Furthermore, regarding adverse reactions, this study found that gastrointestinal discomfort, such as nausea, diarrhoea, loss of appetite, vomiting and abdominal pain, was the most common side effect, with nausea being the predominant symptom. However, the meta-analysis results indicated there were fewer nausea events in the SGLT2 inhibitors treatment group than in the control group [RR = 0.35, 95% CI (0.21, 0.60), I2 = 71%, P = 0.0001]. Additionally, the incidence of other adverse effects was also lower in the SGLT2 inhibitors treatment group than in the control group. These findings highlight the safety advantage of SGLT2 inhibitors in the treatment of PCOS patients.

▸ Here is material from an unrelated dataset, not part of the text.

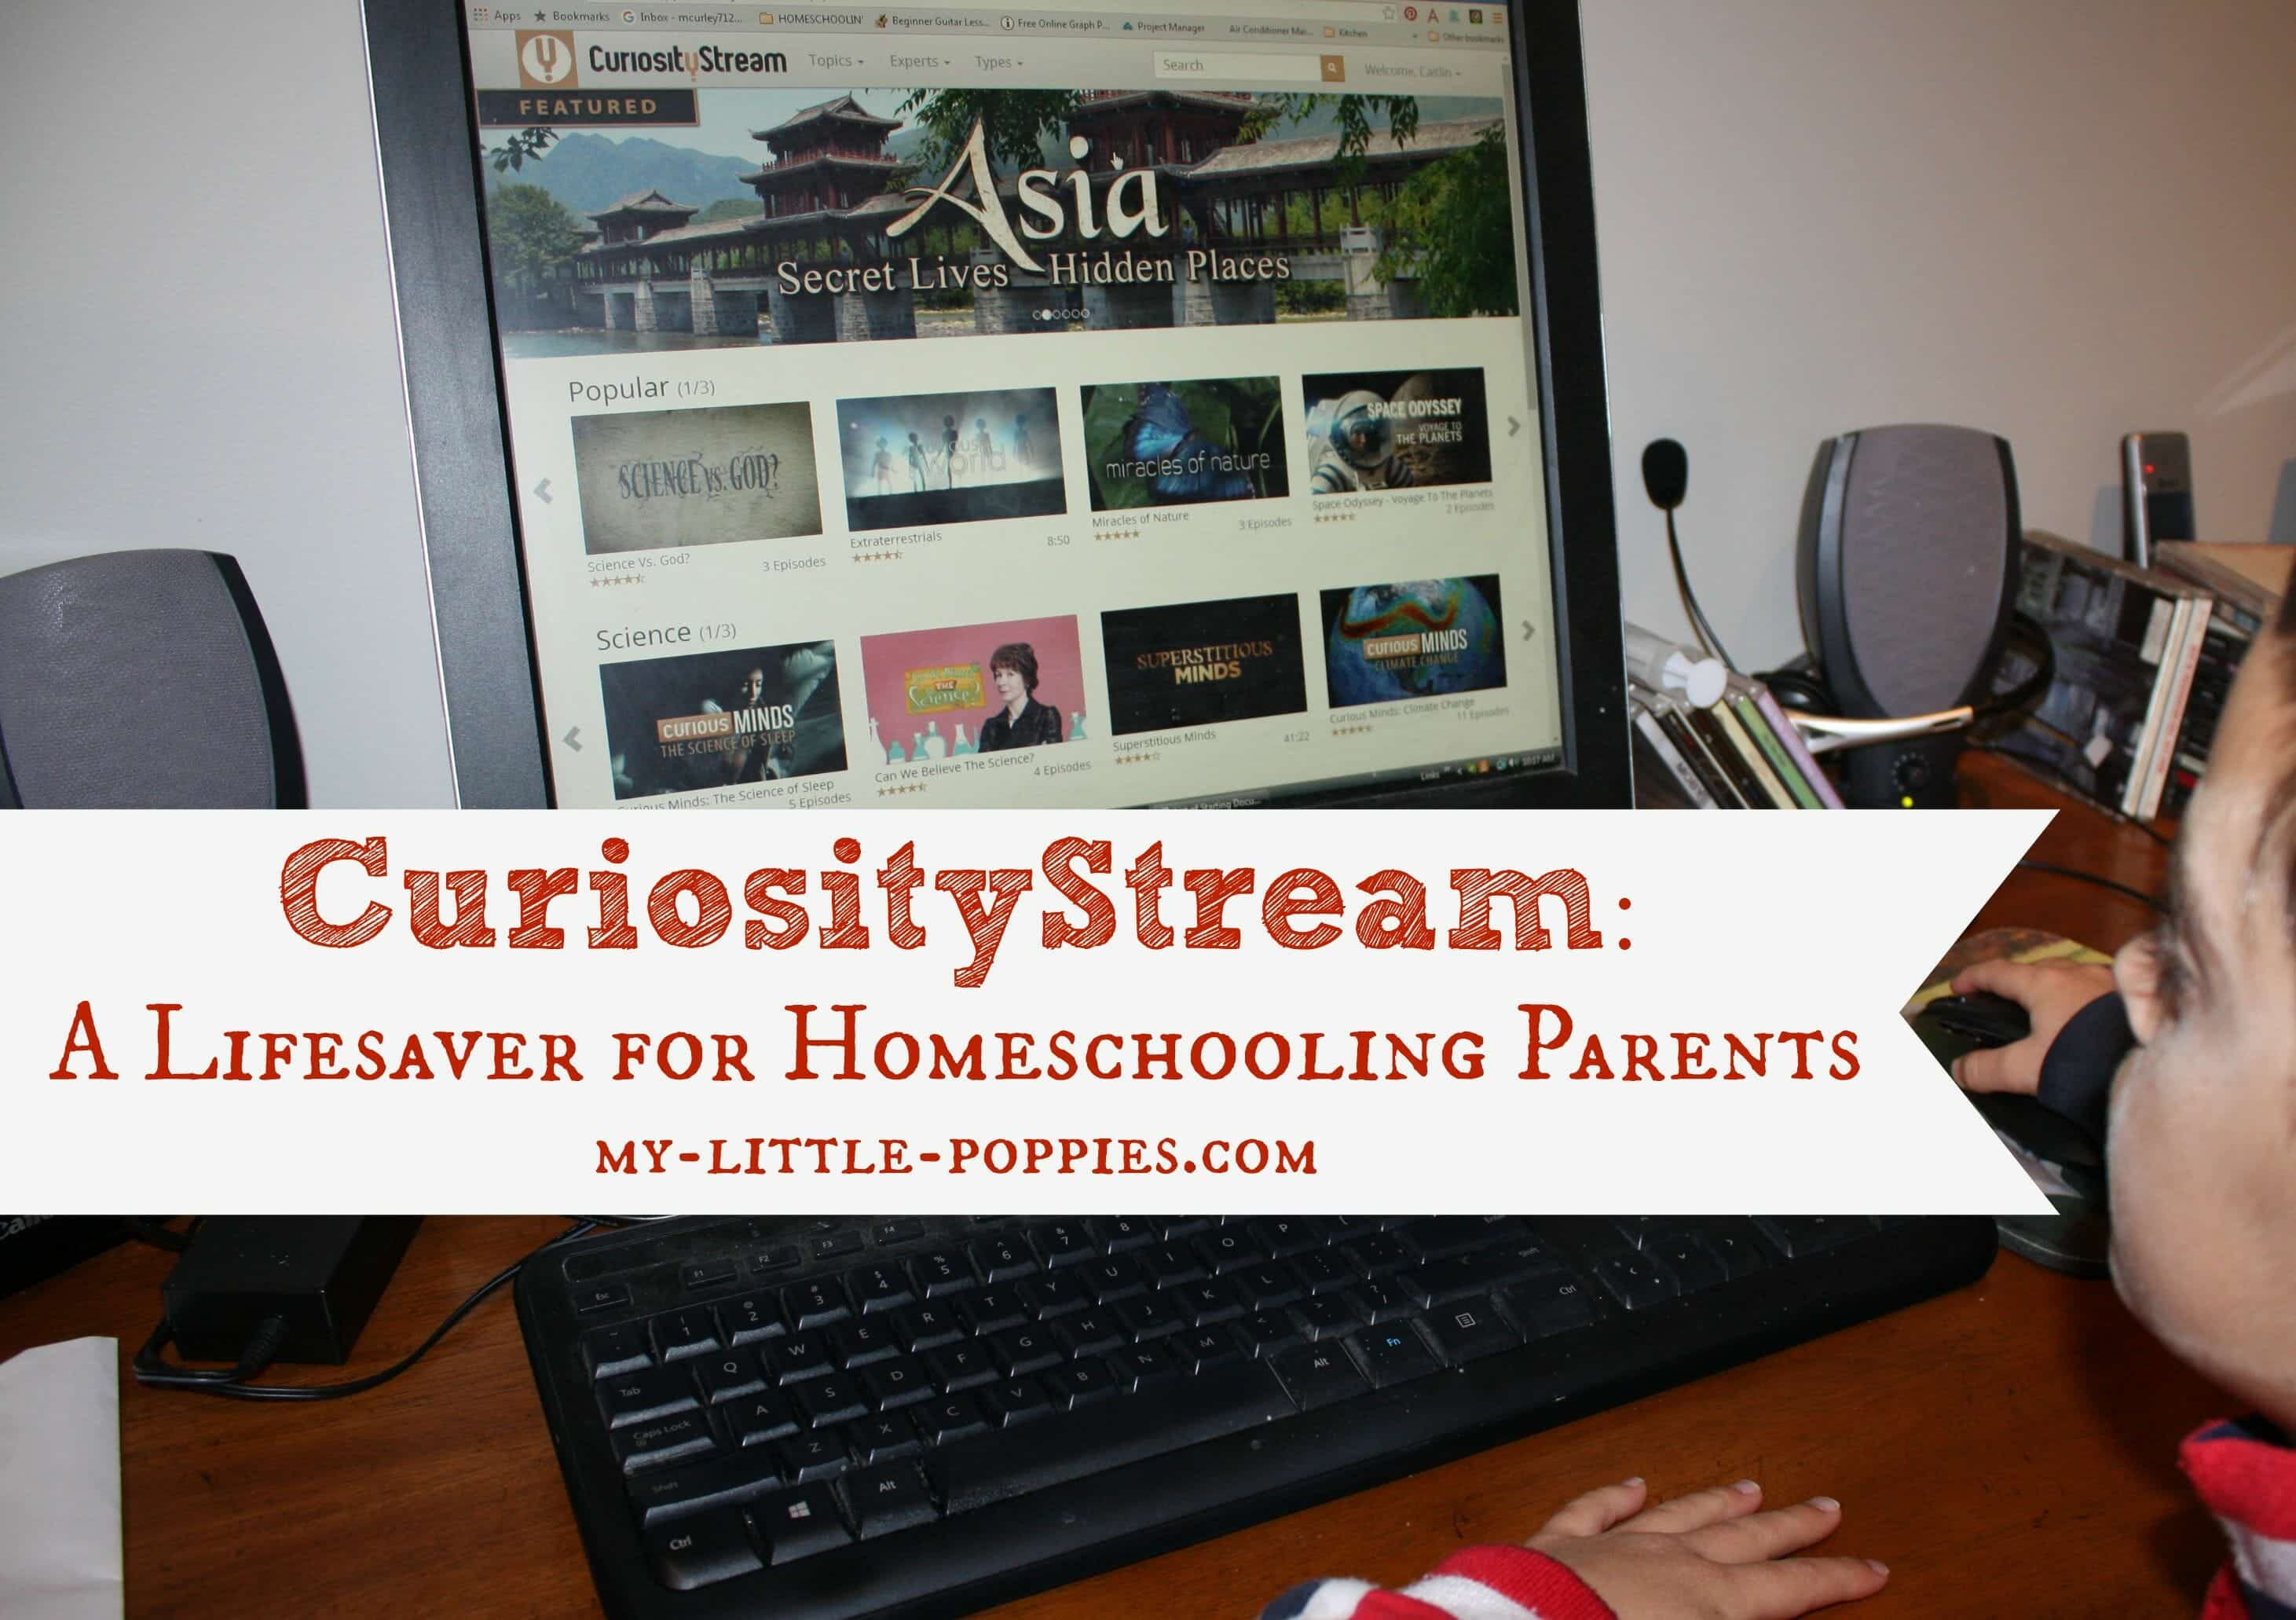 Curiosity Stream: A Lifesaver for Homeschooling Parents | My

This meta-analysis had some limitations, as follows. (1) The sample sizes of the control and experimental groups were small. Moreover, there was a large difference in sample events between the one Chinese trial and the other trials, leading to significant heterogeneity in the results. (2) Due to the limited number of clinical studies in this field, a trial that used exenatide as a control treatment for comparison was included. SGLT2 inhibitors monotherapy and SGLT2 inhibitors + metformin combination treatment used in that study were considered as two separate studies in our meta-analysis, according to the inclusion criteria, which might have affected our final results. (3) Few articles were included and thus the final result was not unequivocal. (4) The included experimental groups were SGLT2 inhibitors or SGLT2 inhibitors in combination with metformin, and the final results could not eliminate the potential effects of metformin. (5) The PCOS diagnostic criteria used in the five trials were different from the SGLT2 inhibitors types, and the trial durations as well as the follow-up periods were too short to perform an assessment of ovulation, menstrual frequency and fertility after SGLT2 treatment of women with PCOS. Given these limitations, we look forward to conducting randomised controlled trials or broad sample case–control studies with more rigorous designs and higher quality to validate our results. Furthermore, the results of this meta-analysis may not be applicable to all patients with PCOS, however new treatments are expected. It is our hope that can serve as a reference for the potential clinical application of drugs for the treatment of PCOS.

Conclusion

In conclusion, the available data suggest that SGLT2 inhibitors are comparable with metformin/exenatide in their ability to improve anthropometric measures, glucolipid metabolism and reproductive hormone concentrations in patients with PCOS. Moreover, SGLT2 inhibitors were more effective than metformin in reducing body weight and DHEAS concentrations. As a result, SGLT2 inhibitors represent a potential alternative treatment for overweight/obese women with PCOS who exhibit an inadequate response to metformin. However, the evidence in this study was generated from the literature is limited in both quantity and sample sizes, which renders our findings inconclusive. Therefore, further well-designed studies with larger sample sizes and at multiple centres are required to validate these findings.